I'm waiting for the new ones...
My and my husbands favourite character is Grisham, too. He's really cooooool... with his bugs...


----------



## little teaser (May 4, 2007)

i watch csi miami, when does csi vegas come on?


----------



## lara (May 4, 2007)

I _love _the original Vegas. The show is getting a bit lacklustre and worn, but it still has the rare moment of brilliance (the episode last week set in the bordello? _Gold_).

I love me some Captain Brass. Mmm-mmm!


----------



## Bianca (May 4, 2007)

I used to watch all the CSI's, but now I'm only watching CSI: Miami. I like the characters more than the ones from Vegas, Grissom annoys me because he always knows everything. I seem to be in the minority here LOL


----------



## silverblackened (May 4, 2007)

I'm the opposite, Bianca - I like CSI: Miami least of the three because Horatio annoys the hell out of me. Even when he isn't talking, just something about his face/body language irritates me, LOL. Calleigh's fun, though!


----------



## prinzessin784 (May 4, 2007)

Quote:

   Originally Posted by *silverblackened* 

 
_I'm the opposite, Bianca - I like CSI: Miami least of the three because Horatio annoys the hell out of me. Even when he isn't talking, just something about his face/body language irritates me, LOL. Calleigh's fun, though!_

 

ME TOO!  I can't stand him, he's so...I dunno, unrealistic?  Not that Grissom is realistic but he's more believeable to me. 
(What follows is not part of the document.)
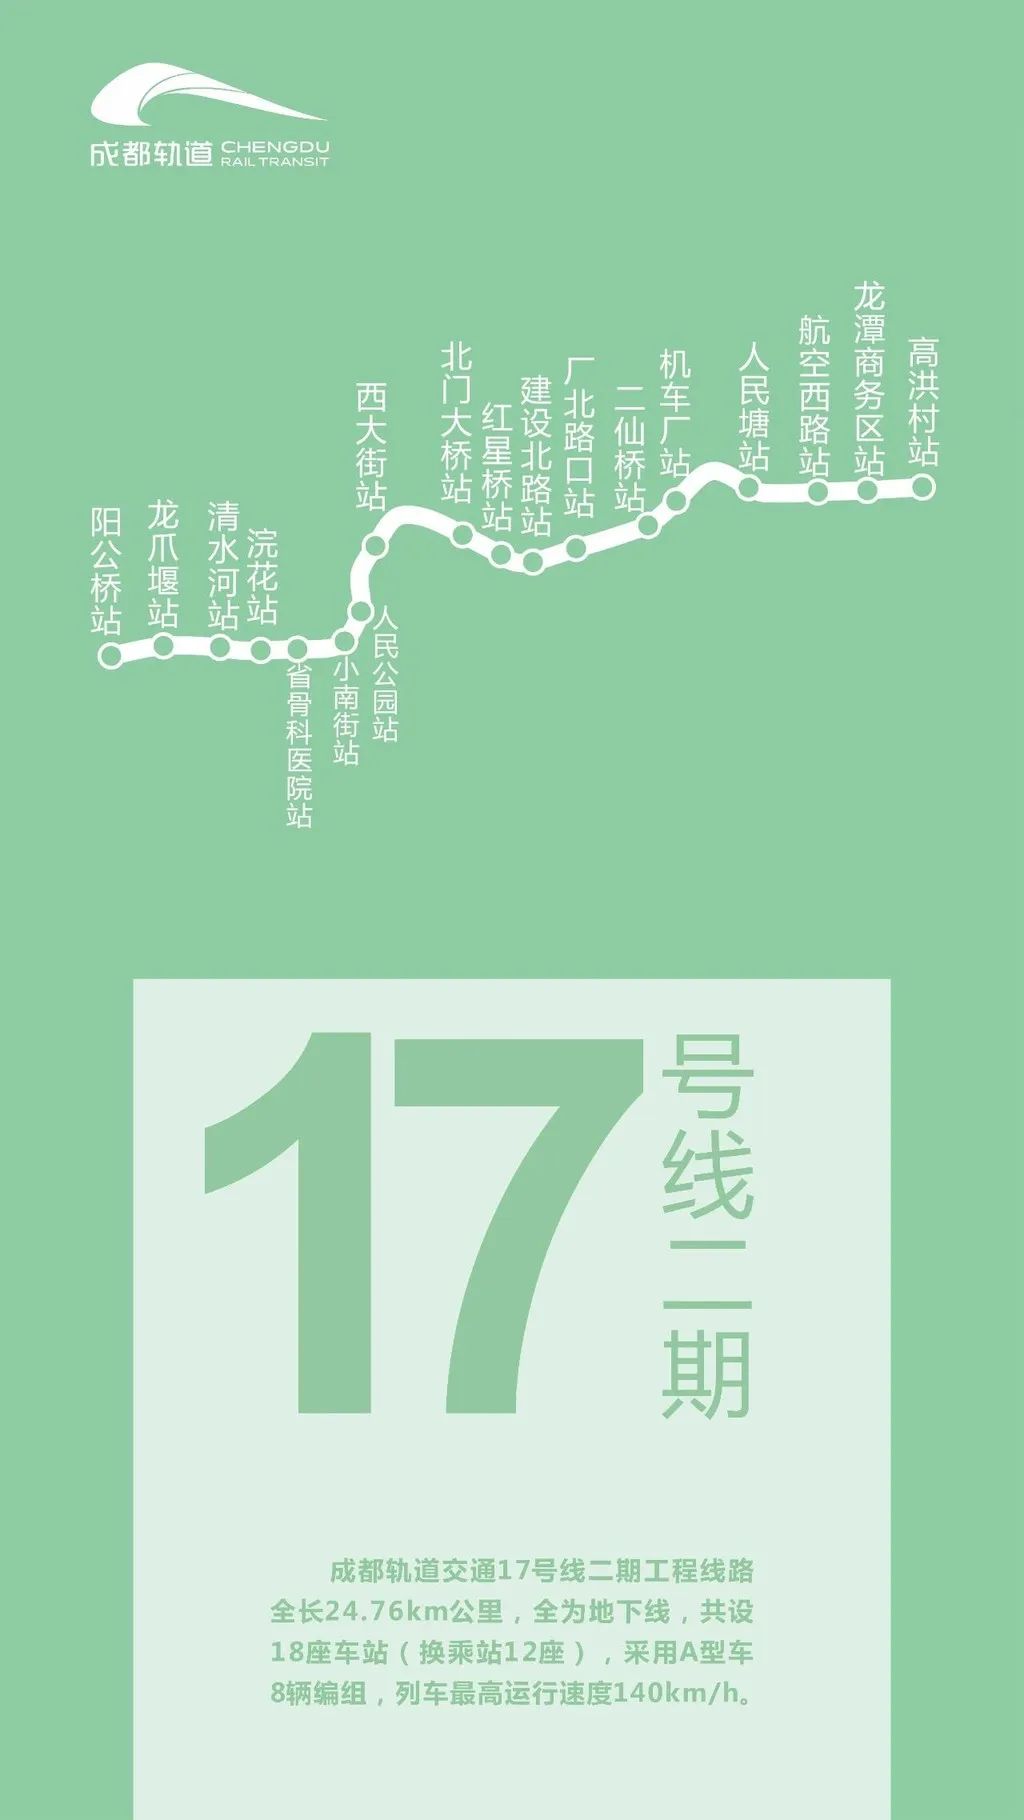 成都17号线二期走向_成都1号地铁南延线_成都2号线西延线站点

I love Las Vegas and sometimes I watch New York but I can't stand Miami.  LV is the best though 
	

	
	
		
		

		
		
	


	




  This whole weird thing between Sarah and Grissom is gross to me though.  Next week will be interesting when Lady Heather is back!!


----------



## tinagrzela (May 4, 2007)

CSI has been my obsession since the first episode!! I don't watch Miami anymore...Horatio bores me...I watch NY most of the time...but Las Vegas!!! and, silly me, I've always had the biggest crush on Grissom...


----------



## Blush (May 4, 2007)

I hate Horatio 
	

	
	
		
		

		
		
	


	




I'm addicted to CSI LV and New York. I download them from the internet as soon as they appear in US TV.
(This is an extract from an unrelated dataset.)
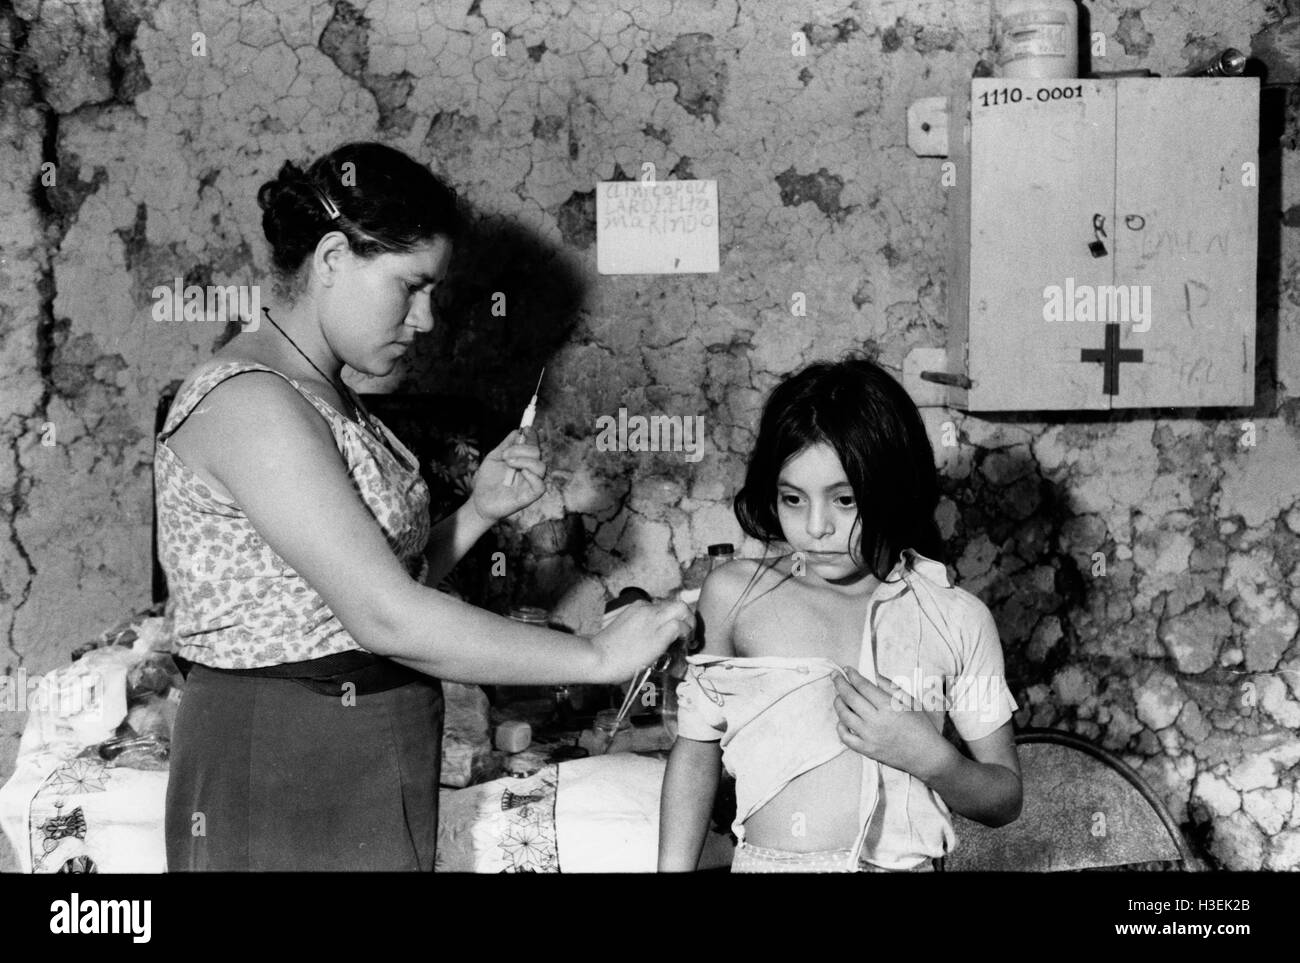 AN, EL SALVADOR, März 1984: Ausgebildete Sanitäter gibt einem Kind eine Inokulation. Stockfoto

BTW, Jorja Fox is leaving the show.


----------



## messhead (May 4, 2007)

Grissom is my favorite character (Nick is just a hot hot man!) and if him and Sara don't confess their love for eachother in the next two episodes I think I might go crazy because I have been waiting for it since the butterflied episode! lol.
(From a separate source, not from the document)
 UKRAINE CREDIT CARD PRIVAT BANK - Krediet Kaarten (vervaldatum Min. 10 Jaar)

I like the other ones too, and I watch them when there is nothing else to watch, but I like the Vegas characters the best!


----------



## silverblackened (May 5, 2007)

Quote:

   Originally Posted by *Blush* 

 
_BTW, Jorja Fox is leaving the show._

 
I heard this as a rumour; has it been confirmed? If so, hooray! (Sorry to all the Grissom/Sara fans out there, but I really cannot stand the woman.) I think Warrick is the hottest guy, but you know who's _really_ hot? Catherine.


----------



## Ernie (May 6, 2007)

I love the original, it somehow seems the most authentic. While I do love Grissom, I'm not to keen on Sara. I would like to see Grissom/Catherine or possibly a fling with Lady Heather, her I dig.


----------



## Jade (May 6, 2007)

Quote:

   Originally Posted by *lara* 

 
_I love the original Vegas. The show is getting a bit lacklustre and worn, but it still has the rare moment of brilliance (the episode last week set in the bordello? Gold).

I love me some Captain Brass. Mmm-mmm! 
	

	
	
		
		

		
		
	


	


_

 

Yes! Jim Brass..I LOVE this guy!!


----------



## xmamax (May 7, 2007)

I love CSI. My boyfriend and I watch the re runs almost every nite. Nick Stokes is hot


----------